→ WORK TO BE COMPLETED: Pictures aside, reproduce exactly and only the lines below, starting at the one containing "Doodsprentje Albert SMEERS" and ending at the last line.

→ DATA EXCERPT:

_ _ _ _ _ _ _

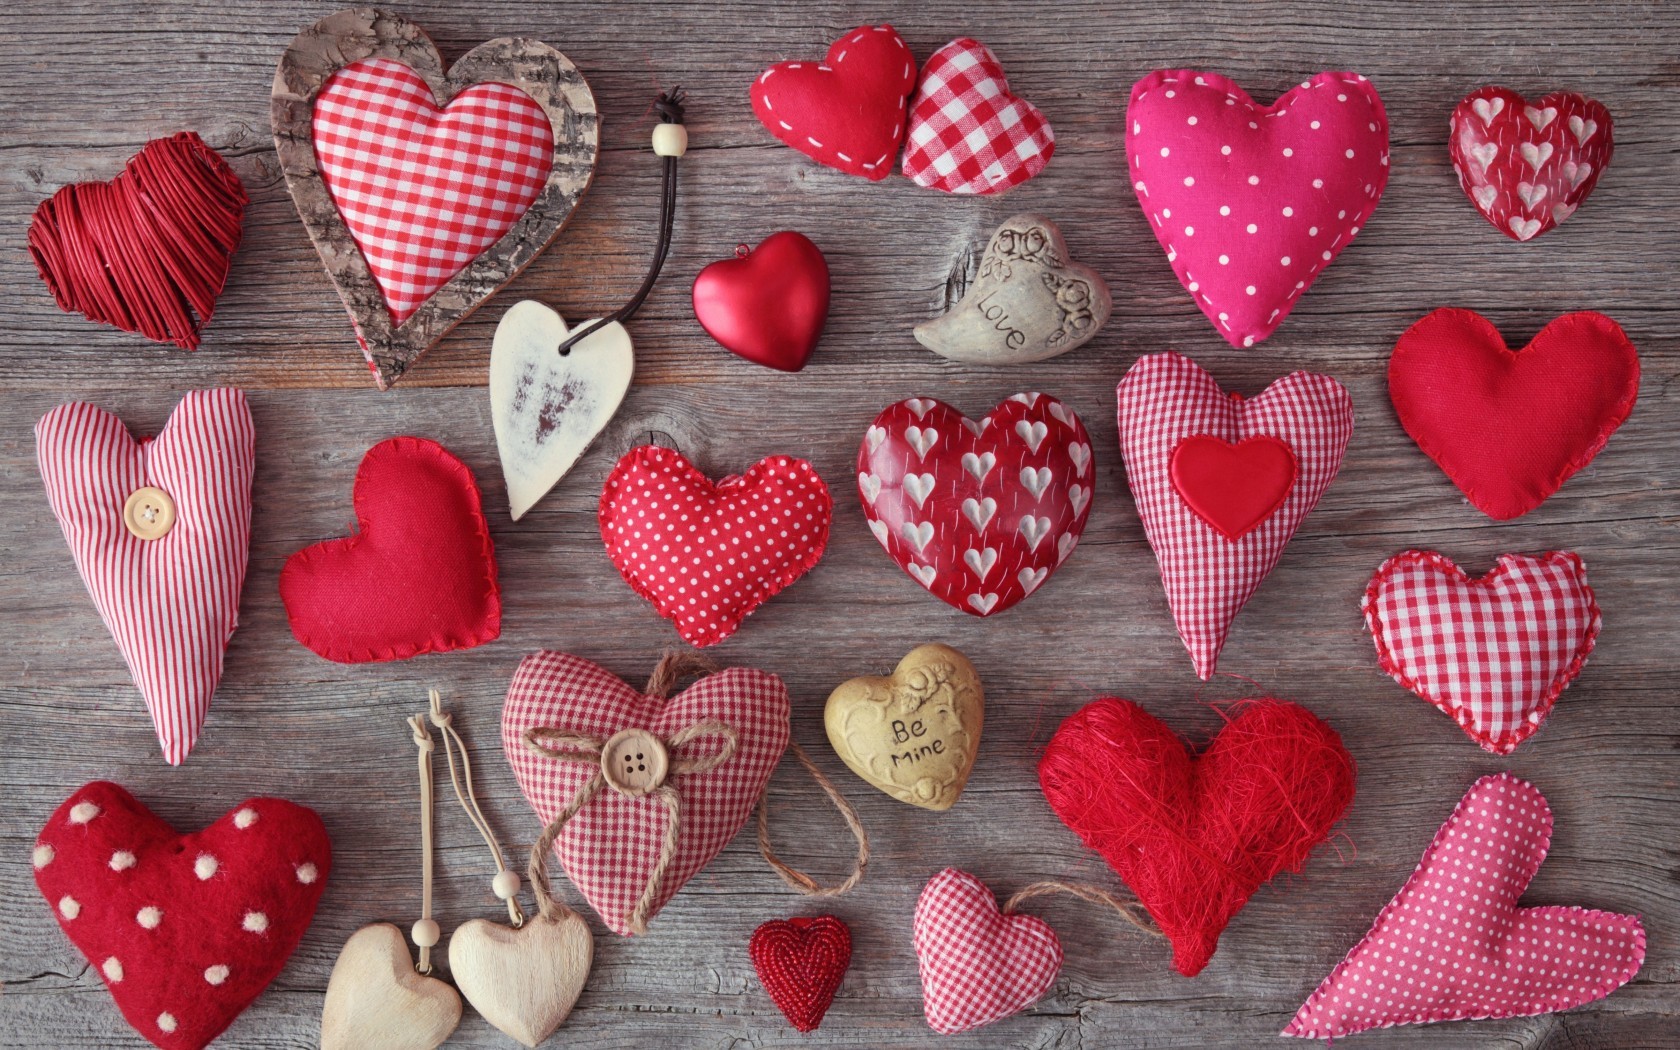 Скачать обои бесплатно День Святого Валентина (Valentine's Day), Праздники, Сердца, Фон, Любовь картинка на рабочий стол ПК
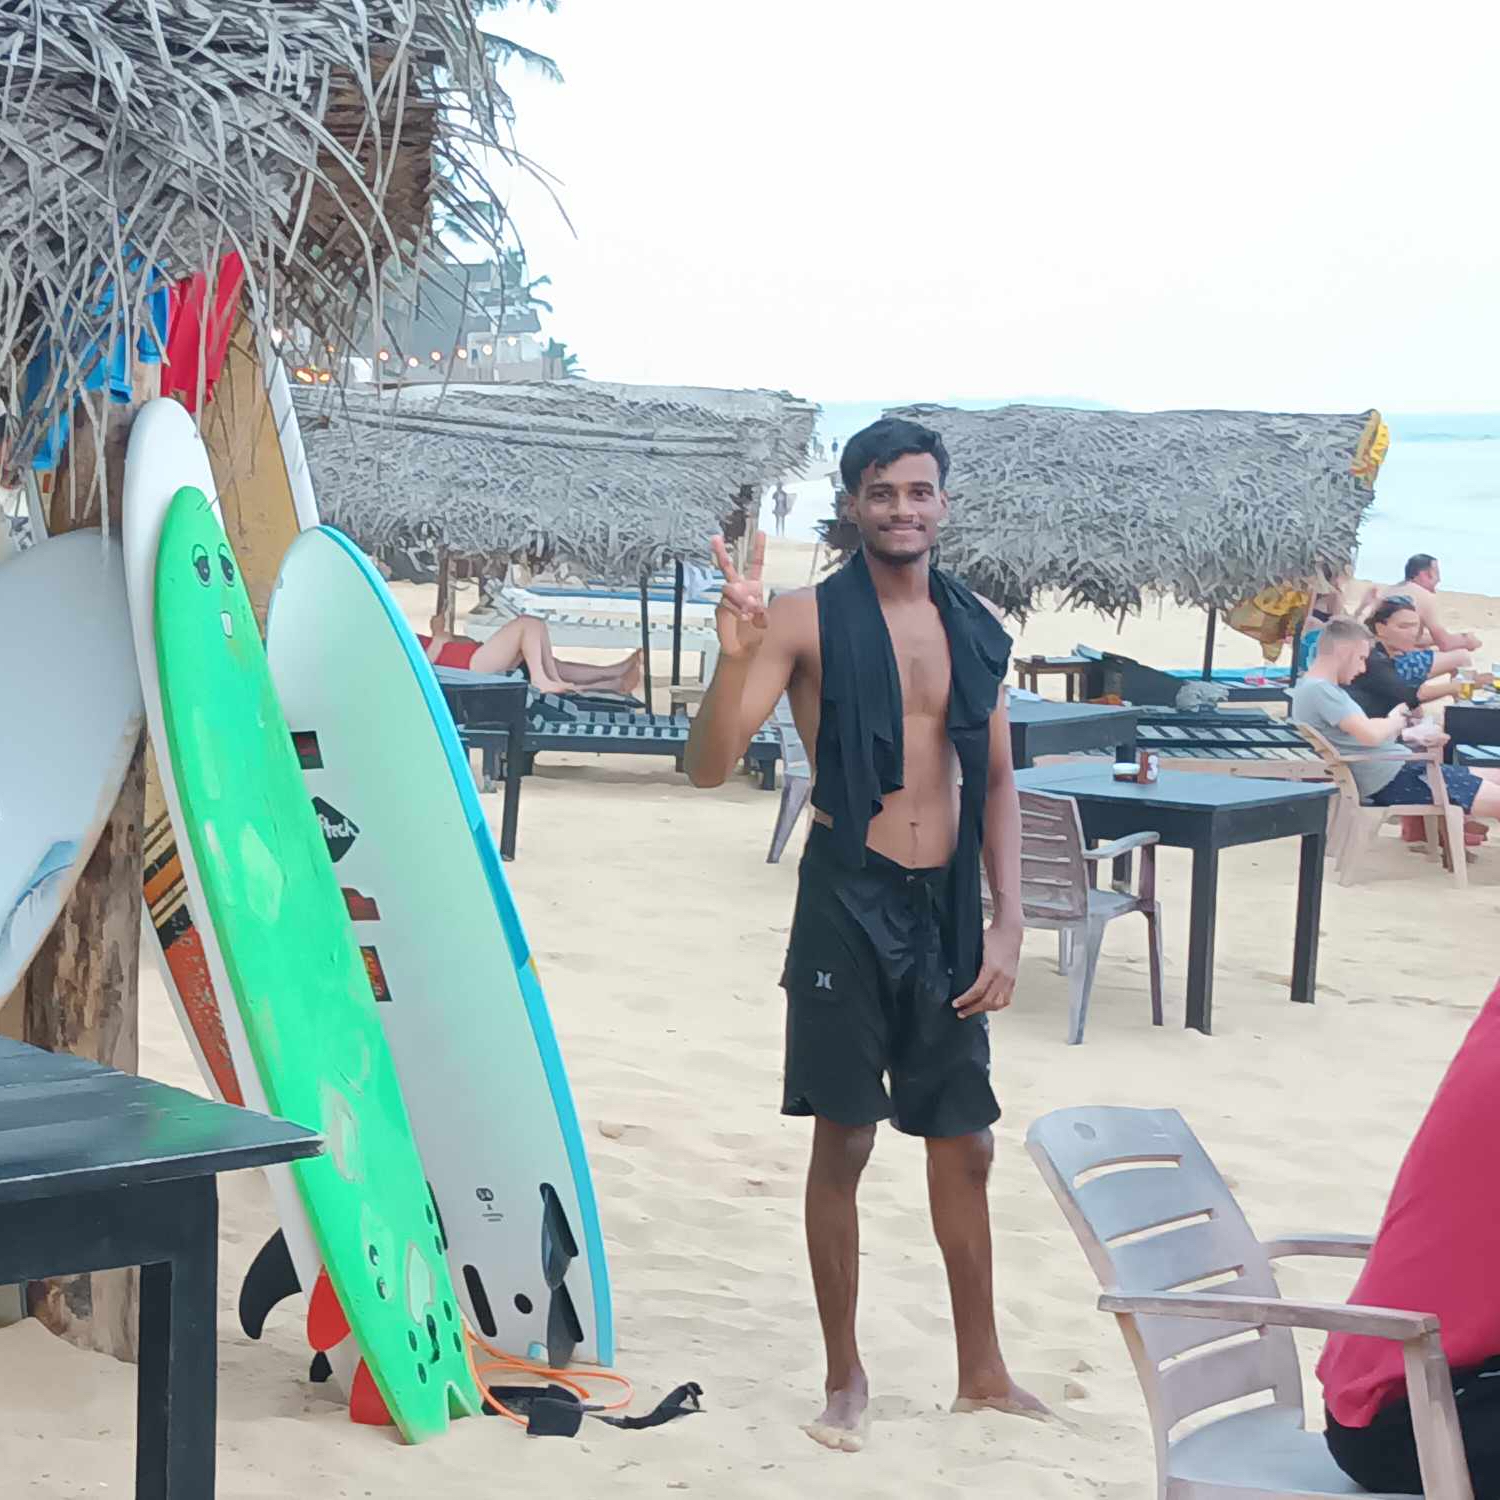 En bild på surfbrädor uppställda på stranden och en ung man i badbyxor.
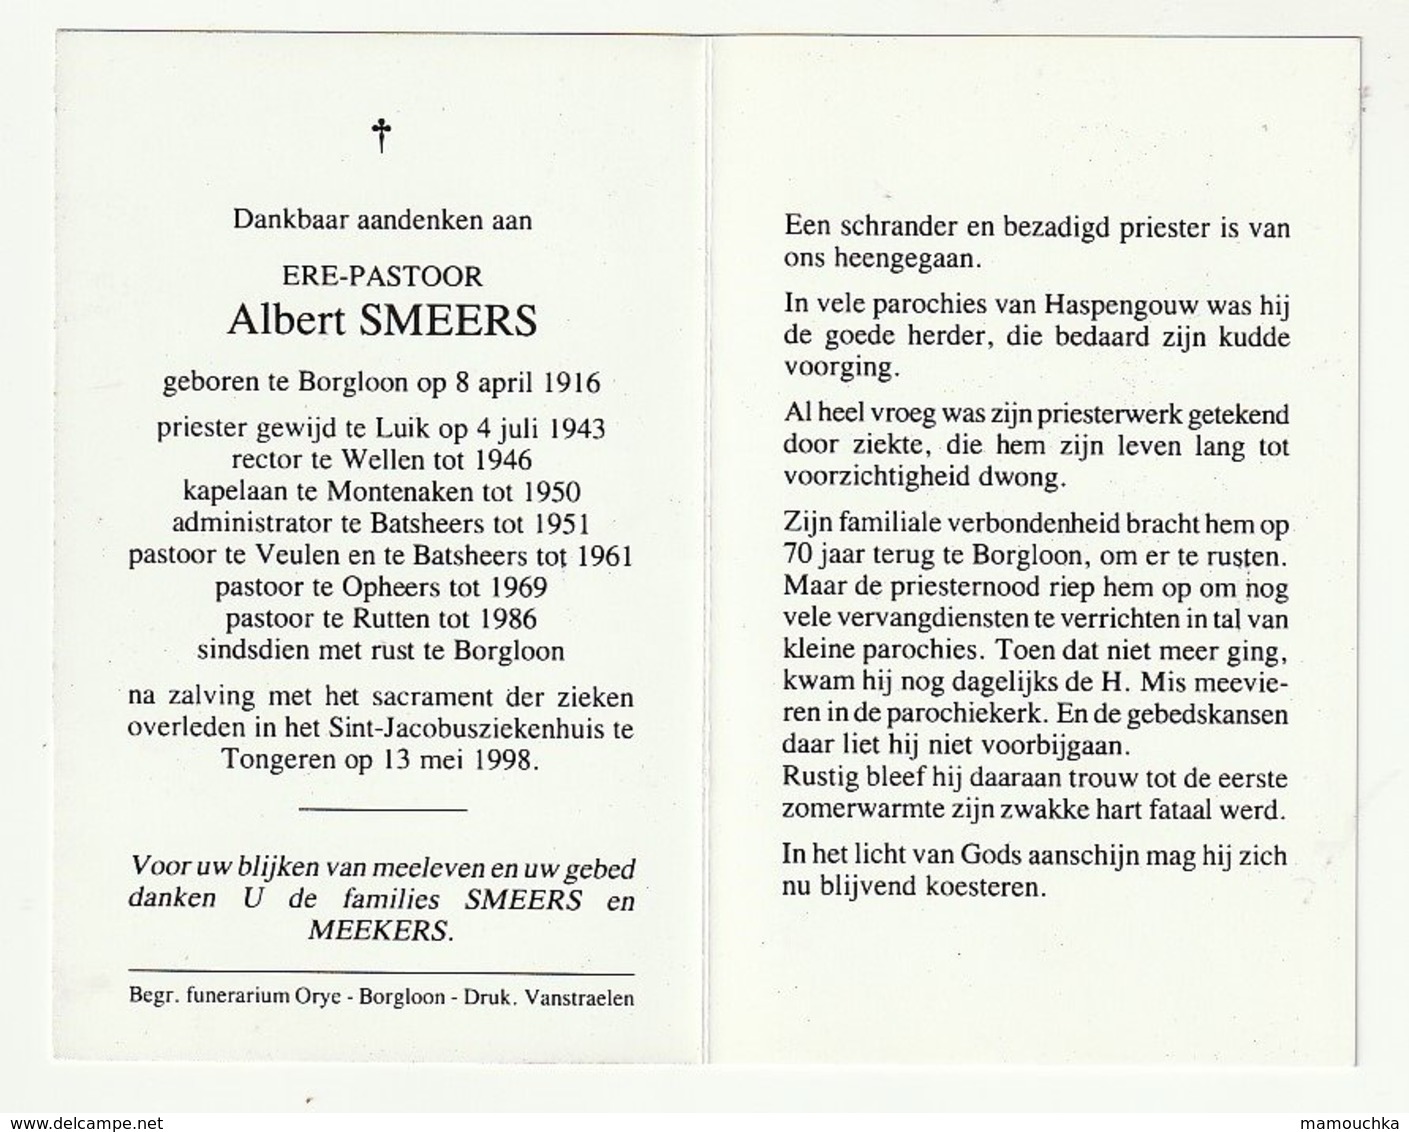 Doodsprentje Albert SMEERS Borgloon 1916 Priester Luik Liège Wellen Montenaken Batsheers Opheers Rutten Tongeren 1998 - Devotion Images
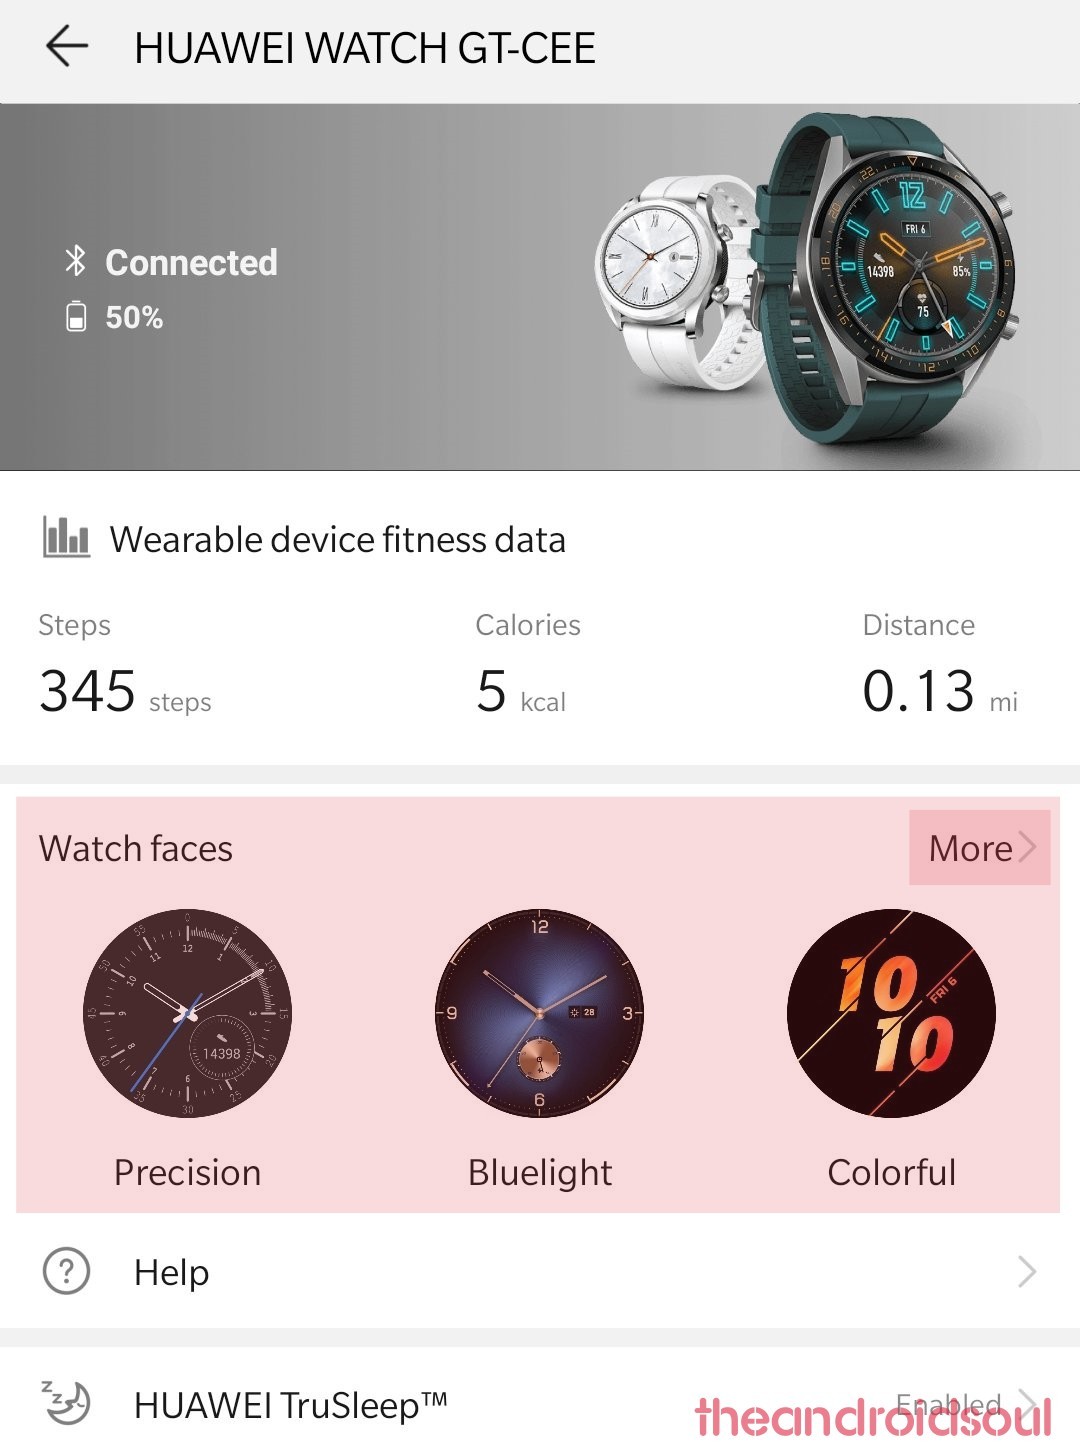 Русские циферблаты для умных часов Huawei Watch GT2 и Honor

_ _ _ _ _ _ _

→ TASK RESPONSE:
 Doodsprentje Albert SMEERS Borgloon 1916 Priester Luik Liège Wellen Montenaken Batsheers Opheers Rutten Tongeren 1998 - Devotion Images
 Русские циферблаты для умных часов Huawei Watch GT2 и Honor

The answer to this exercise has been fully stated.